Like function pointers, string literals don't have to be freed since they're never manually allocated. Actually, literals are stored directly in the compiled binary, and the pointer is an address to where that literal is.
const char * concatLits = "Hello" " World";
std::string concatStr = "Hello" + std::string(" ") + "World";
auto rawStringLiteral = R"DELIM(
Raw string here
"" fjedjsd
new lines part of string too
\n will not be a new line but instead the literal character \n
)DELIM";
// DELIM can be whatever you want it to be
const wchar_t * wideStr = L"2 bytes per character";
const auto utf8String = u8"UTF-8";
const auto utf16String = u"UTF-16";
// NOT the same thing as a wideStr
// wide string is always 2 bytes per character
// utf-16 is 2 bytes per code point and at least 1 code point per character with at least 1 character per glyph
const auto utf32String = U"UTF-32";
Since a C string is not a class and has no size()
method, we must use a function from the C standard library to get its length: strlen()
.
Unlike size()
, this function is O(n)
since it has to keep looking at each byte following the pointer of the string (which points to the first character) until it finds the null terminator which has the value 0.
For non-owning references to strings, C++17 introduces the std::string_view
. A string_view
has a very similar interface to std::string
but one major difference: it does not own its data.
This means that the lifetime of std::string_view
must be totally within the lifetime of whatever string-like object it was constructed from.
A std::string_view
can be constructed from an std::string
, a C string, a pointer and a length, or a begin and end iterator.
The typical implementation of a string_view
would only have it store a pointer and a size. Thus, copying an std::string_view
is likely more efficient than moving an std::string
due to the SSO.
But once again, std::string_view
cannot exist past the lifetime of whatever data it was constructed from. C++20 introduces the std::span
which is to std::vector
what std::string_view
is to std::string
.
One difference with std::string_view
is that methods that would normally return a std::string
such as substr()
return a non-owning std::string_view
.
std::string message = "wee woo wee woo";
std::string_view msgView(message.data(), message.rfind(" wee")); // "wee woo"
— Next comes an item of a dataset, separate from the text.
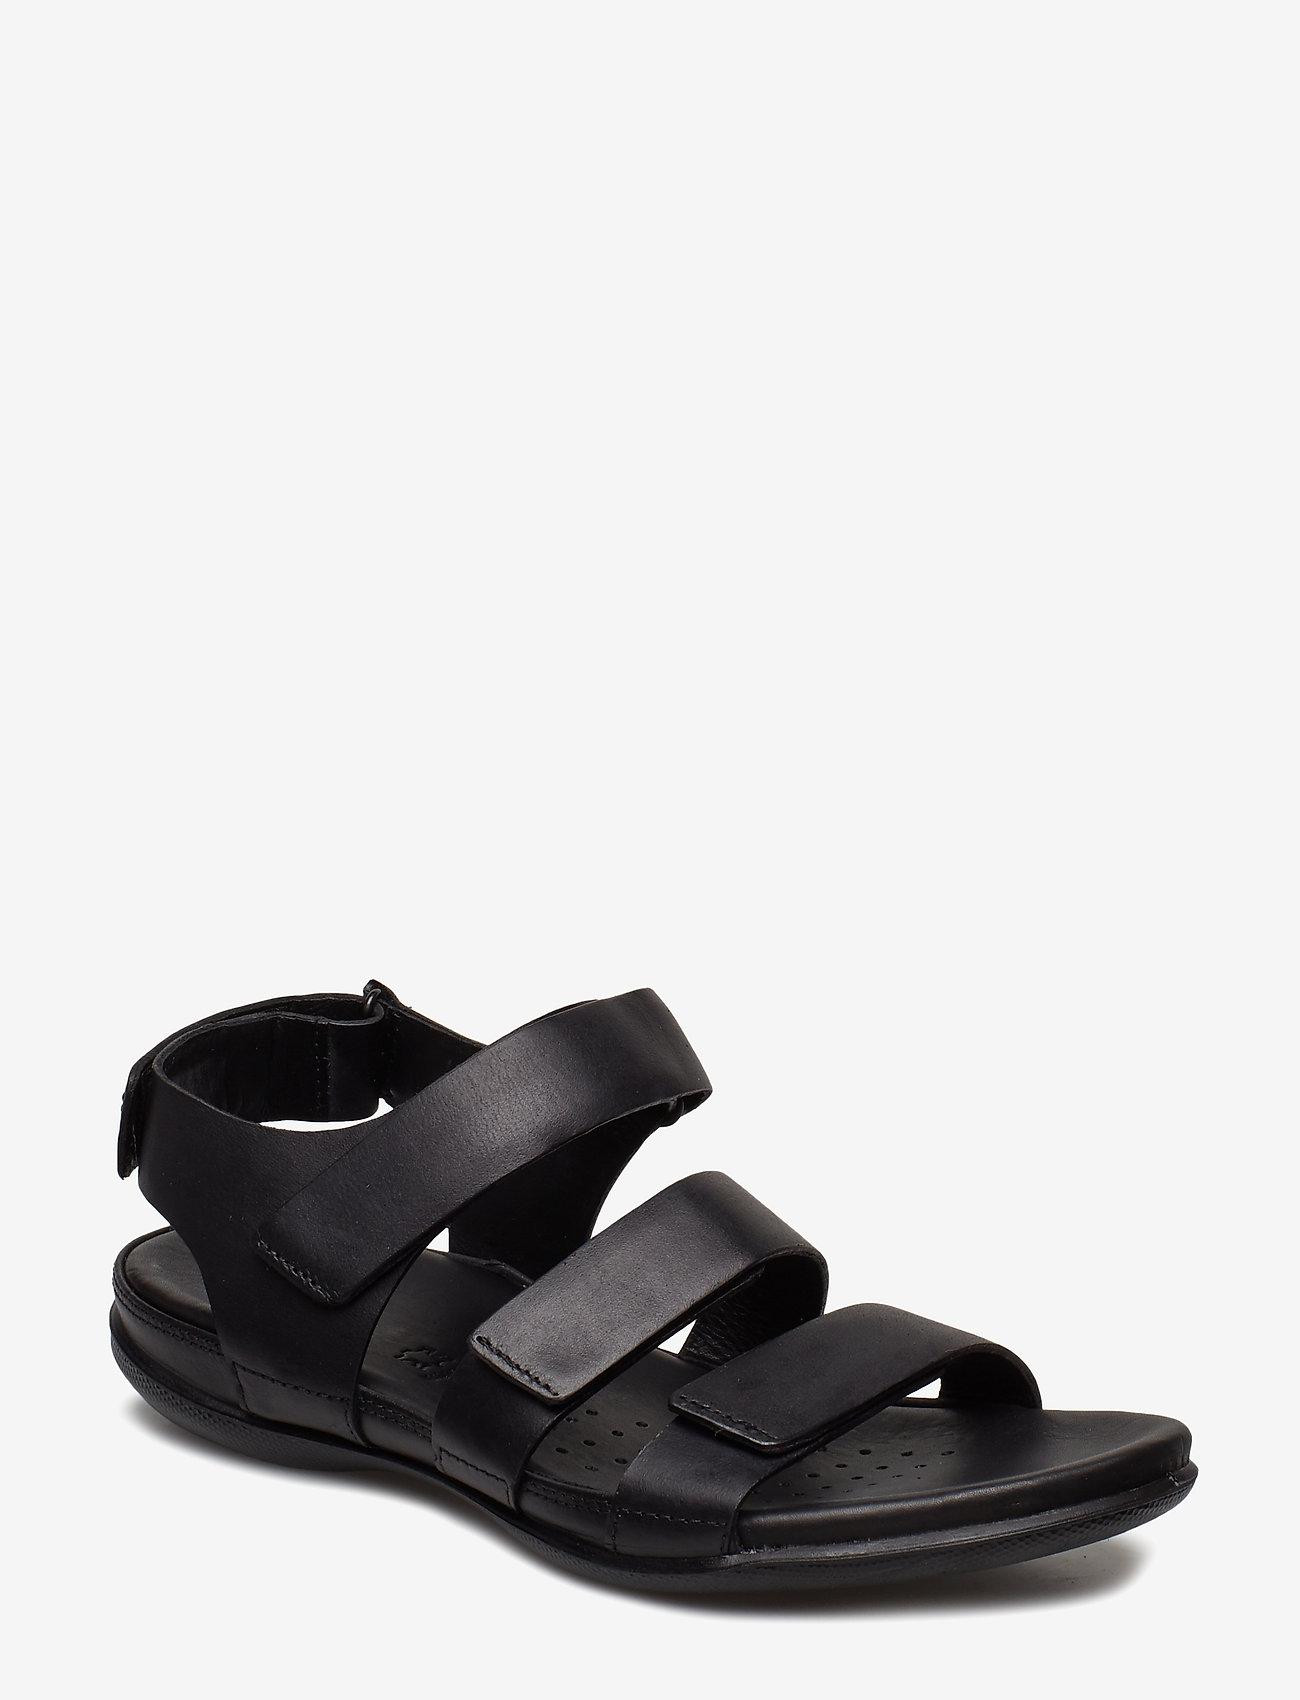 ECCO - FLASH - flat sandals - black - 0

// construct from pointer and size
// find returns an index, which is basically the size 0f a substr from start of string
// to the argument passed to find/rfind
std::string_view wee = msgView.substr(0, msgView.find(' '));
wee[1] = 'w';
std::cout << message; // wwe woo wee woo
auto getStr() {
std::string msg = "Hello";
return std::string_view(msg);
// BAD: msg is a local variable and goes out of scope
}
auto msg2 = getStr();
// undefined behavior!
Finally, C++ strings are part of the standard template library, so it's not too much of a surprise to realize that std::string
is an alias for
std::basic_string<char, std::char_traits<char>, std::allocator<char>>
. We'll explore the ramifications of this more later, but for now you should know that this means we can use
std::string
for a string of char
, wchar_t
(2 byte characters), char8_t
(utf-8), char16_t
(utf-16), and char32_t
(utf-32).
Since the second and third template parameters have default arguments, you can customize the type simply as follows:
std::basic_string<char8_t> utf8String;
However, since std::basic_string<char8_t>
and std::string
have different template parameters, they are different types and thus don't fit together as easily.
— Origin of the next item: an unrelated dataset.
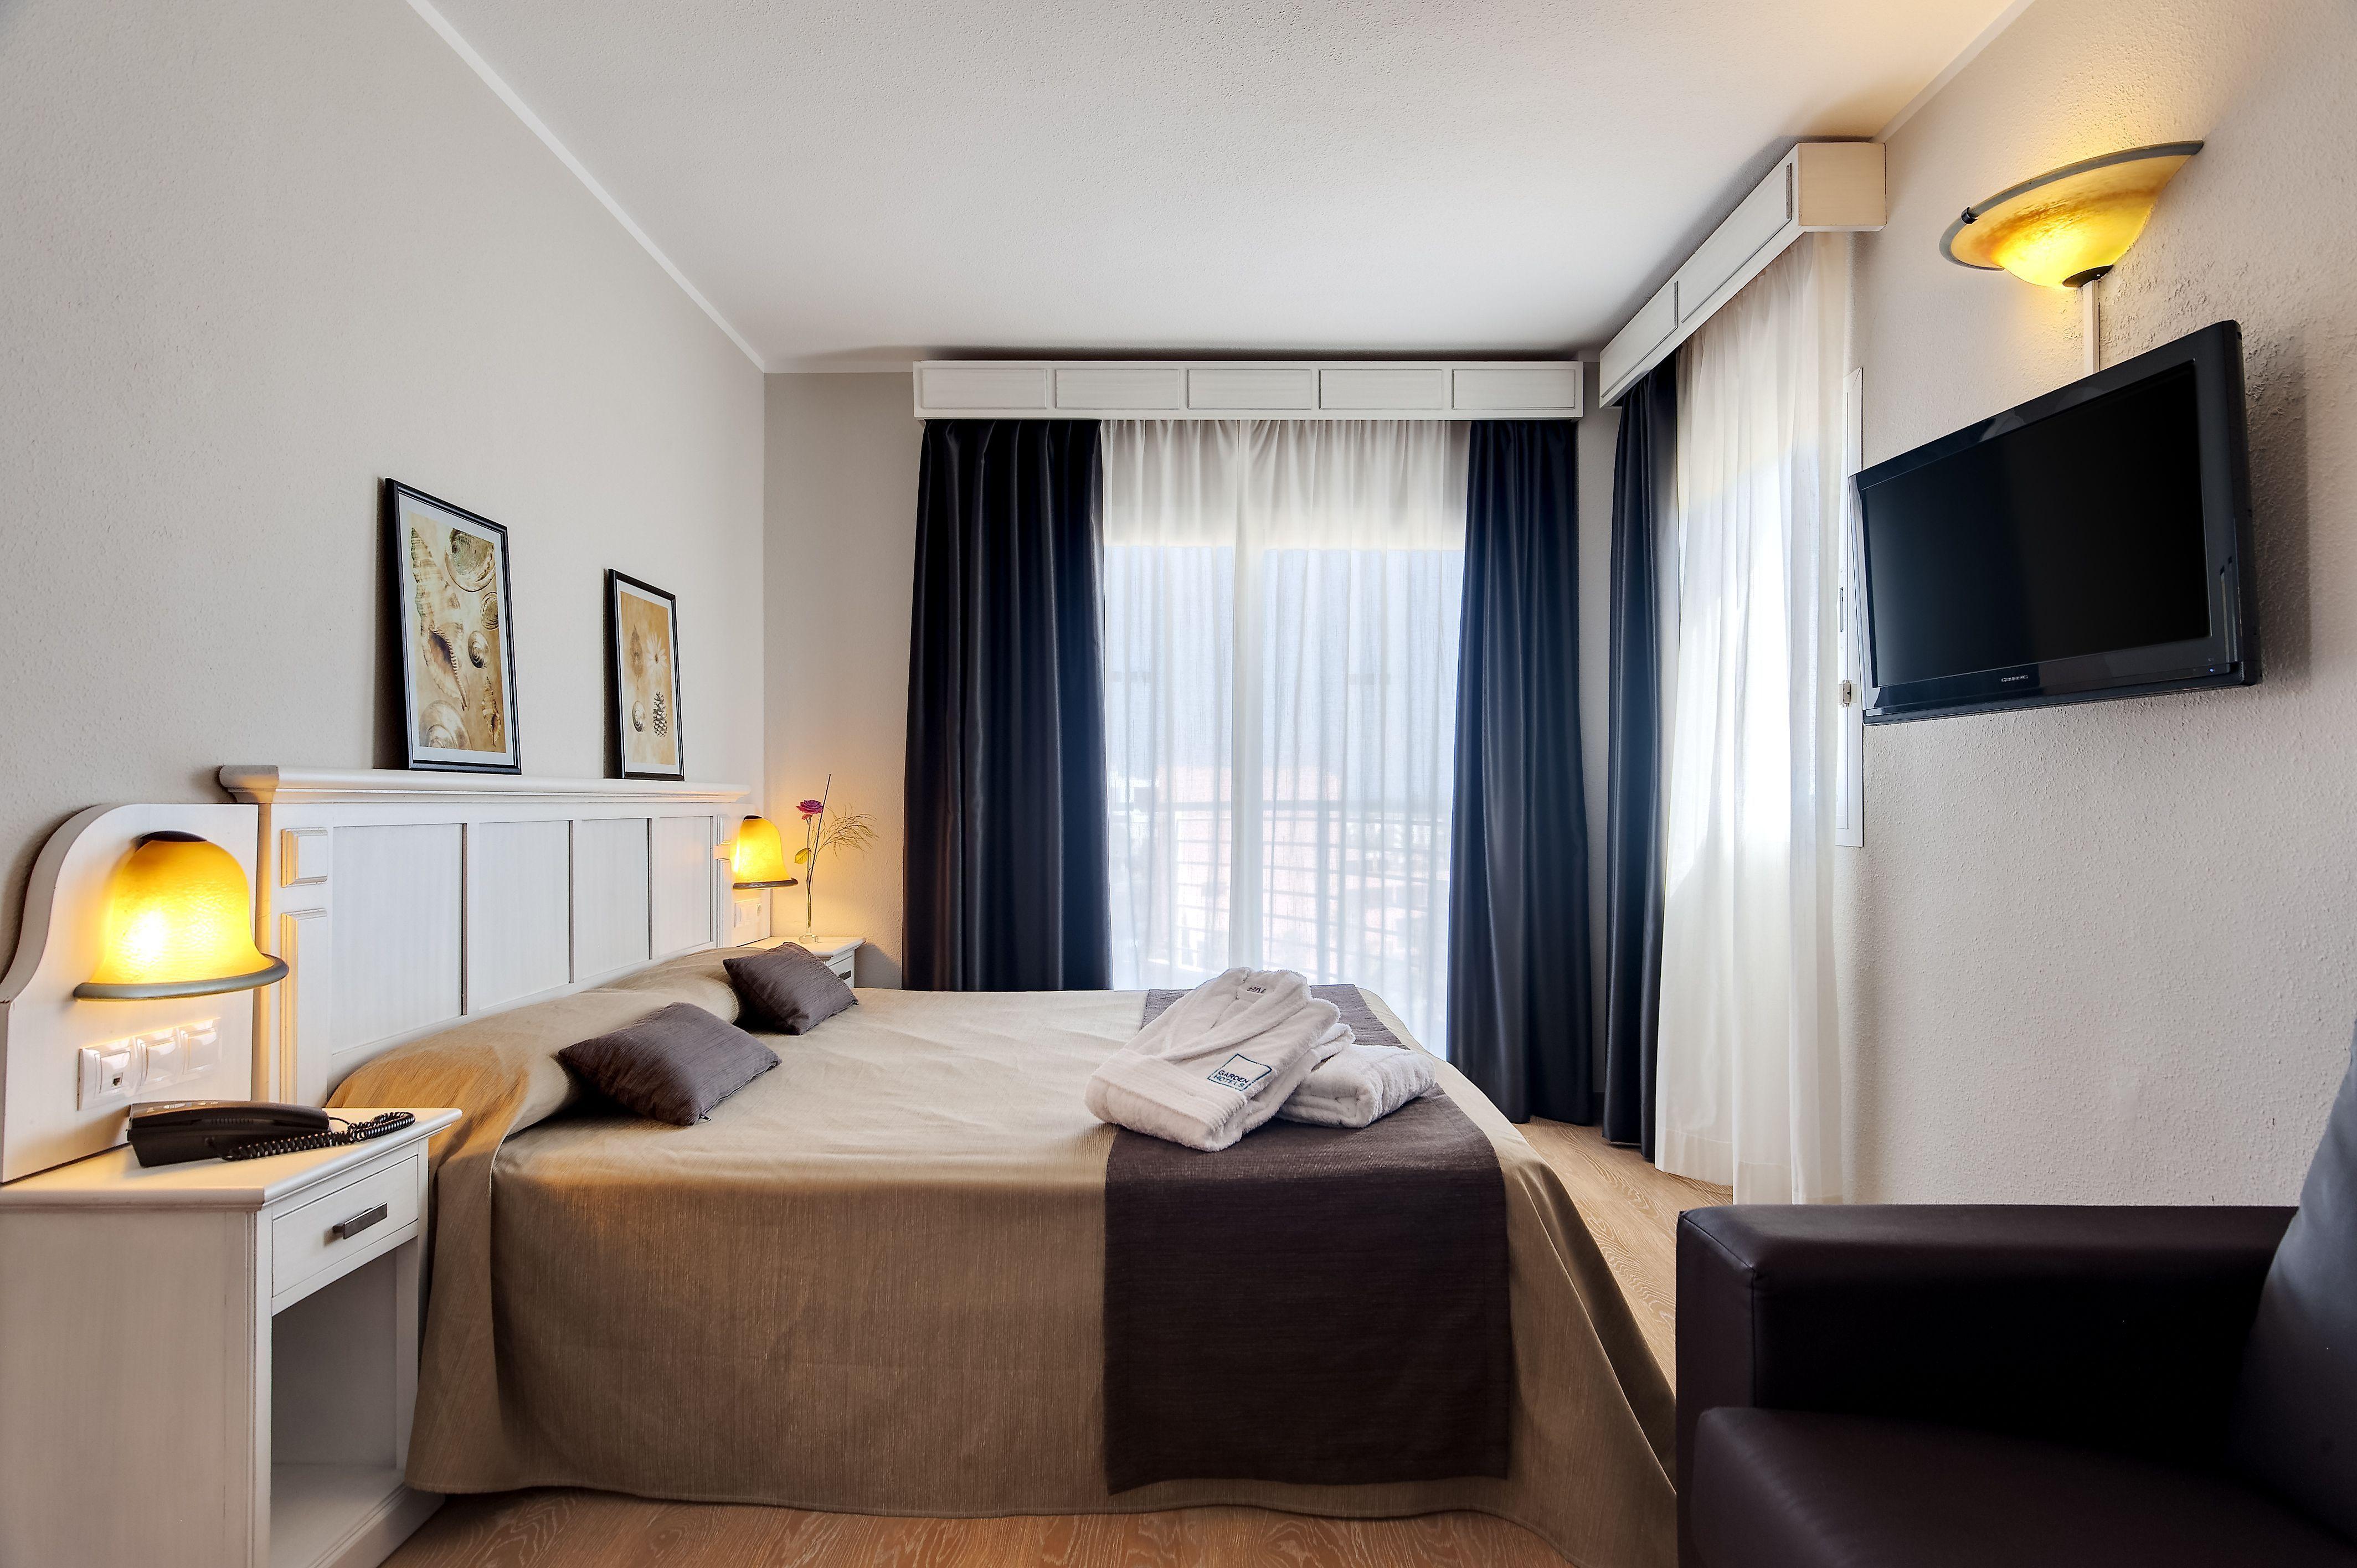 Garden Hotels Es Una Cadena Hotelera Presente En Mallorca Menorca Ibiza Almería Y Huelva Perfecta Para Parejas Famil Decoraciones De Casa Hoteles Mallorca

auto result = std::string("Hello") + std::basic_string<wchar_t>(L" World"); // error
Furthermore, members operate on their type parameter, not on abstract notions defined by multi-byte encodings. So for example, the size of a utf8 string will be how many bytes it is which is not necessarily how many characters it has, using characters in the sense that a human would likely use the term character.